Problem to work on: Leave out every picture, and output exactly the lines from the line containing "Podcasting para principiantes" through the last line of the data.

Dataset extract:
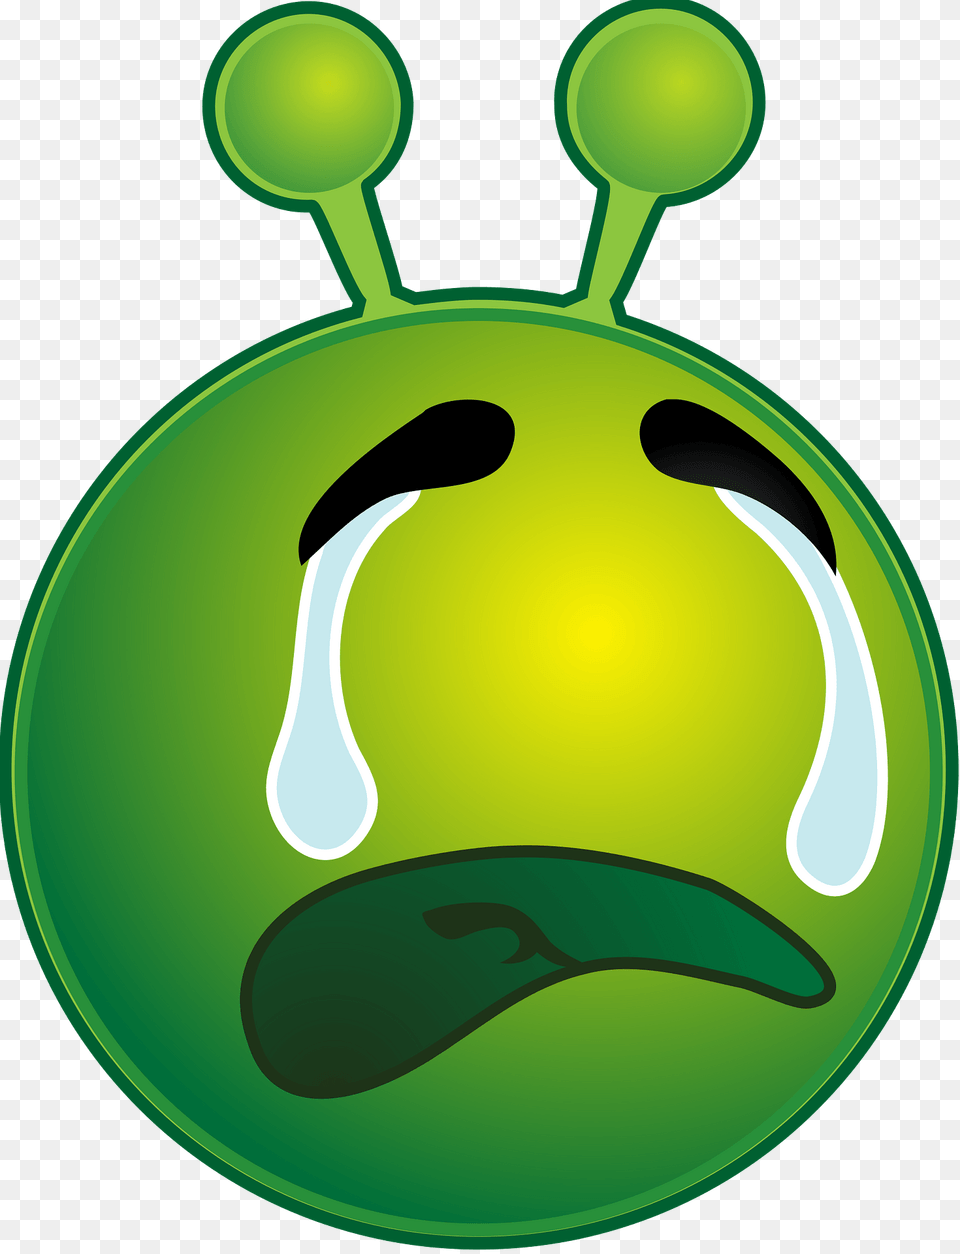 Smiley Green Alien Weep Clipart, Ball, Sport, Tennis, Tennis Ball Free Transparent Png
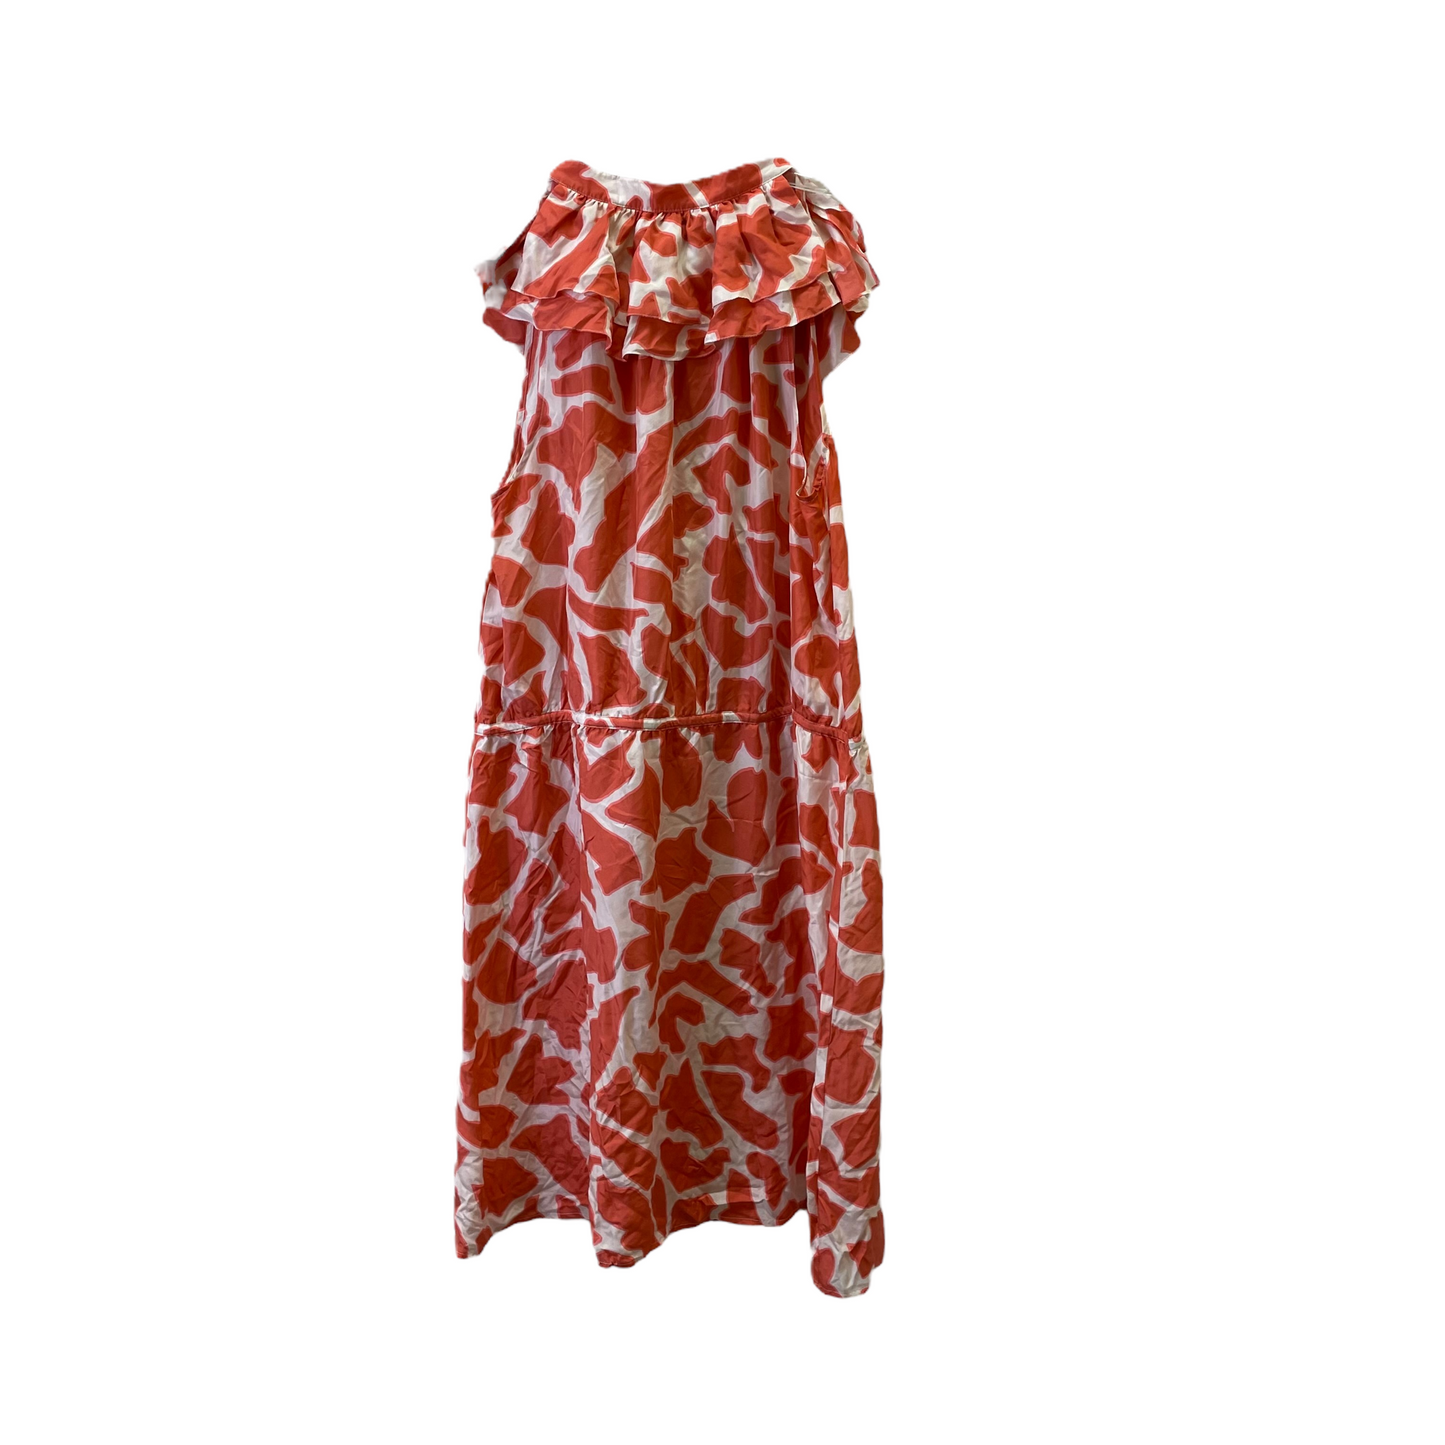 Orange Dress Casual Midi By Loft, Size: 1x
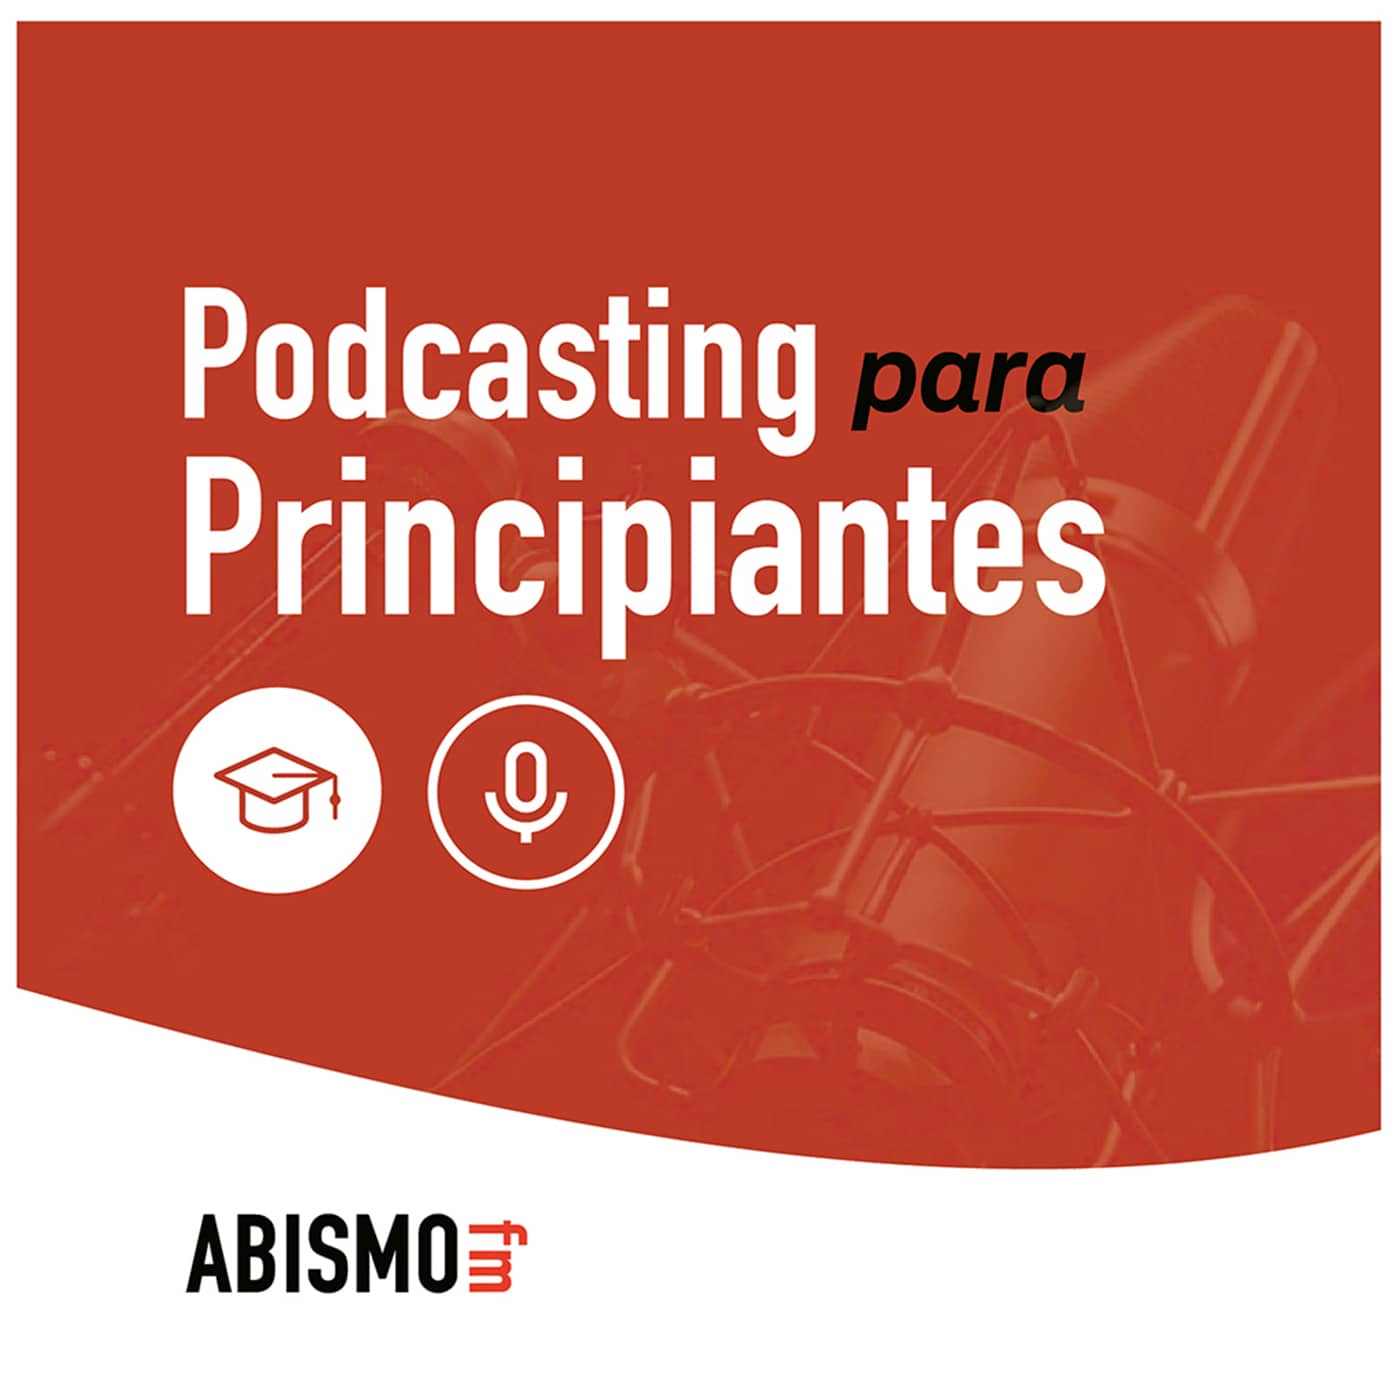 Podcasting para principiantes
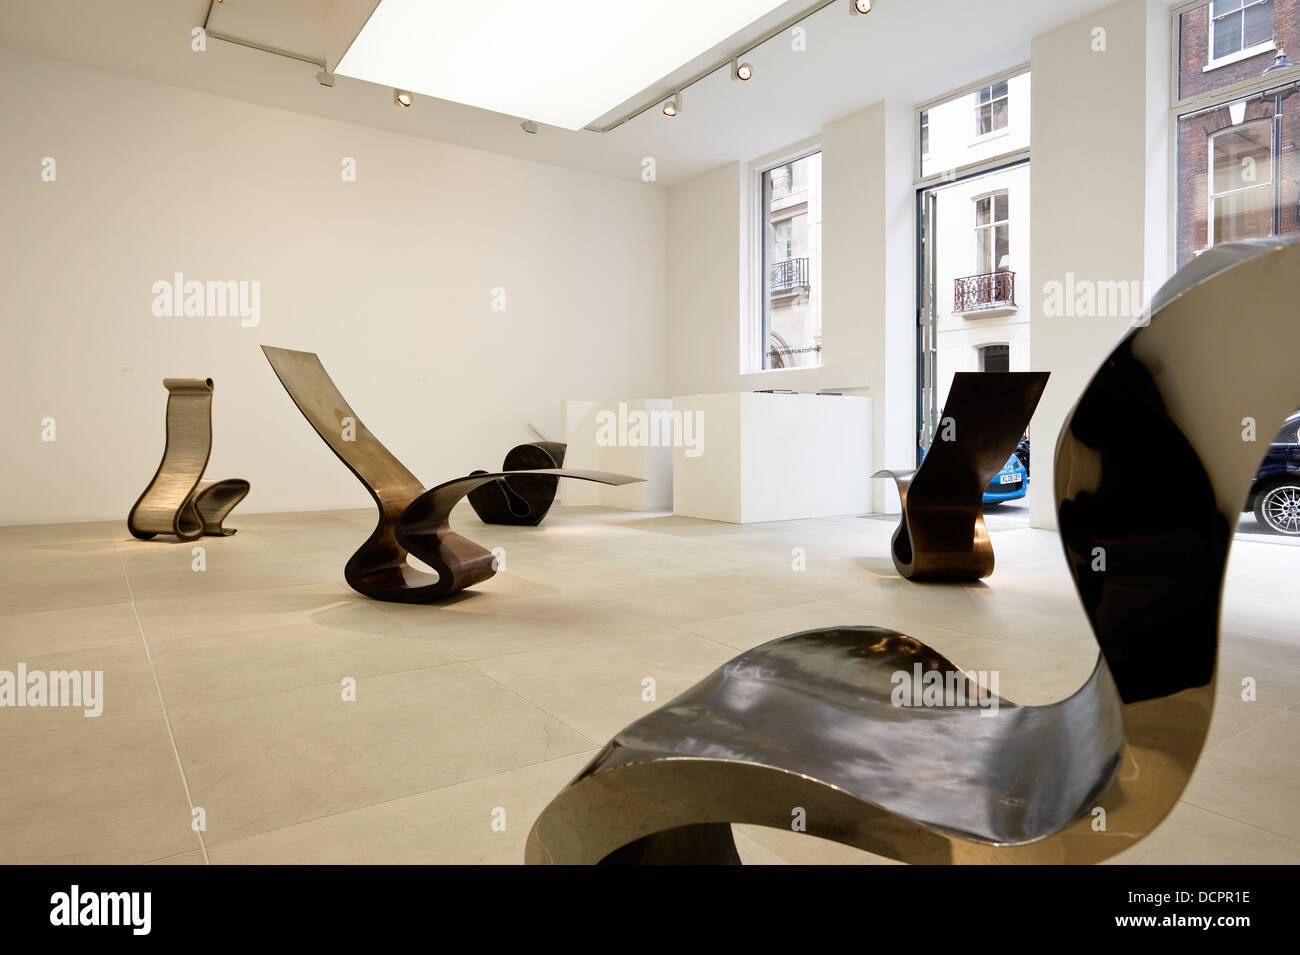 Tischler Werkstatt Galerie Ausstellungsraum in London Stockfoto

Written answer:
 Podcasting para principiantes
 Tischler Werkstatt Galerie Ausstellungsraum in London Stockfoto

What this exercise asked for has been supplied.